HBO's 'Treme' premiered Sunday night, after months and months of local anticipation. We don't have HBO at home, but as we had a wedding to attend that very night, we found ourselves temporarily child-free, so we ducked out early from the reception and found our way to the Mother-in-Law Lounge, where they had a screen set up across from the bar for patrons to take it all in.

I've been reading this blog lately, so felt a keen awareness of everything that seems to be at stake here. I'm also keenly aware that I can in no be way objective about this show--there is something about seeing the heart and soul and guts of your city spilled in front of a national audience that precludes any sort of objective appraisal. And so much has been said and written about the premiere already, here and here and here, and so many other places, so much more eloquently and knowledgably than I ever could manage. But what's been going through my mind the last few days is what a stark contrast this show is to the one that aired a couple of years ago. Both K-ville and Treme can be thought of as having a similar purpose--to pay homage to a town and its people, to tell the story and profess a set of feelings--but one is like bad, pre-pubescent poetry, while the other is an aria, or a sonnet or symphony. Both hope to obtain the same objective, but only one manages to do so effectively.

The other day someone--someone from out of town--asked me if I liked the show. What could I say? That I absolutely and ecstatically fucking loved it, that I stood rooted to my spot in the bar for 90 minutes and hardly blinked or breathed, except during the scenes when we all danced and sang along to our favorite riffs or when a little sob of grief and shock escaped me while I watched John Goodman bring a little piece of Ashley Morris to the national stage?
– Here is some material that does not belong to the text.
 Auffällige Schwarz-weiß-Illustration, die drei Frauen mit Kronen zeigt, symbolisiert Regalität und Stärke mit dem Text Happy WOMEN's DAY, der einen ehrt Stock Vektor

That being in that room with all of those people and that energy and watching this act of love unfold, so reverently, with such grace and nuance, made me want to get down on my knees on the sidewalk on our way back to the car and thank whatever god I don't believe in for bringing me to this place, for letting me be a part of this place, for leading me to this city I call home.
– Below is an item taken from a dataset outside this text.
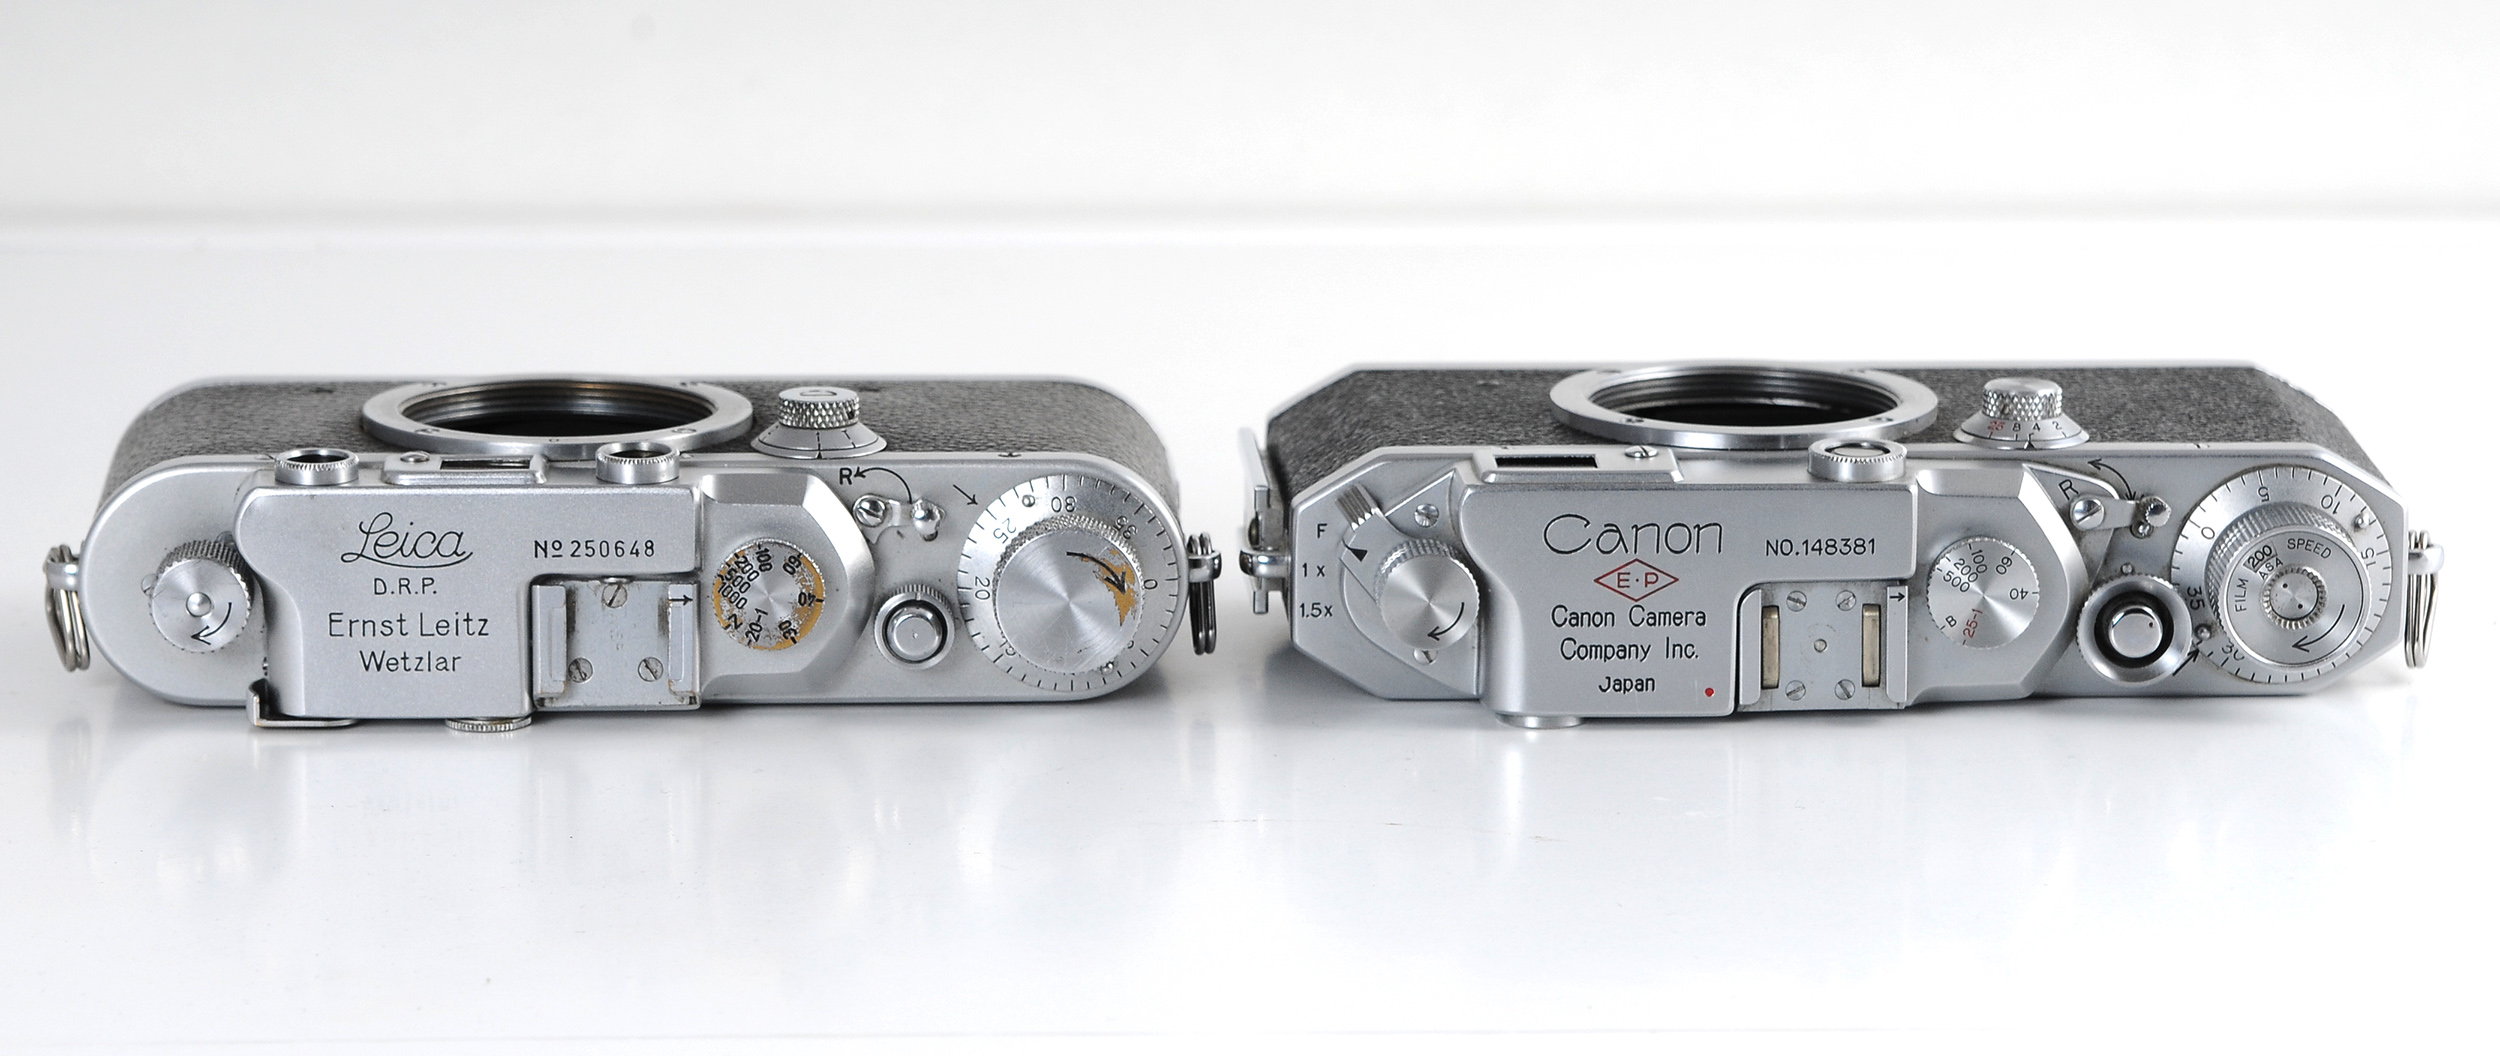 Leica Canon superior

Yes, I told her. I really, really loved it. But, I also cautioned, I'm probably not very objective.

Tuesday, April 6, 2010

Zest for Life

I read this article with great interest as I sipped my morning coffee, marveling yet again at the journalist prowess of our veteran T-P writers. Shelia Stroup never fails to capture that perfect, heartwarming story, writing incessantly and with seemingly unwavering enthusiasm about that person-who-seems-familiar-but-you've-never-actually-met-them--those stories that really make you want to clean off the front porch and plop down in that old rocking chair and pass the time with a tall glass o' lemonade. She writes about the Everyman with a style that is unmistakable, and the folks in her stories always tread that fine line between offbeat and just plain fucking nuts. Perhaps, given her penchant for these pieces, Ms. Stroup is just plain fucking nuts herself? Ah, but let's save that for another post.

That article really got me thinking, particularly this part:

One of their favorite chickens was a little bantam rooster named Que who walked into their lives in August 2008. His top beak had been clipped so far back that when he tried to drink, bubbles would come out of his eyes. His neck had been broken and he was covered with lice when they found him wandering a couple of blocks from their house.
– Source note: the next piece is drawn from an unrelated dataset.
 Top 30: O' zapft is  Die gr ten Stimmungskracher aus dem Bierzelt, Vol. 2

They didn't think he'd live a week, but they just lost him three weeks ago.

"He was an inspiration to a lot of people," Katrina says. "He really, really had a zest for life."

My friend Holly called attention to the conundrum presented herein: that is, "how can one differentiate between a chicken with a zest for life and a chicken who thinks life sucks?" How, indeed. I've been thinking about this all day.*

The problem, of course, is not just that chickens cannot speak, and therefore pronounce their zest, nor the fact that they are not capable of exclamations of joy that might indicate zest--the problem is really that most chickens, by their very mannerisms, seem zestful. Have you ever watched a chicken? They strut, they squawk, they flutter their wings in a prelude to flight that seems, at least superficially, to indicate excitement. So how does one detect zest-for-life in these enigmatic creatures? May I offer a few suggestions?

* Gets invited to more parties (H/T mom)

* Caught reading Walt Whitman in the backyard

* Vigorous pecking

* 30 minutes of calisthenics every morning

* Enjoys the occasional cigarette

* Always has dessert first

* Seen leading other chickens in a rousing rendition of "Tomorrow"

What else? Anyone have any other suggestions of what to look for when trying to detect that chicken-in-the-rough?

* Yes, this is what I do with my mind on my days off.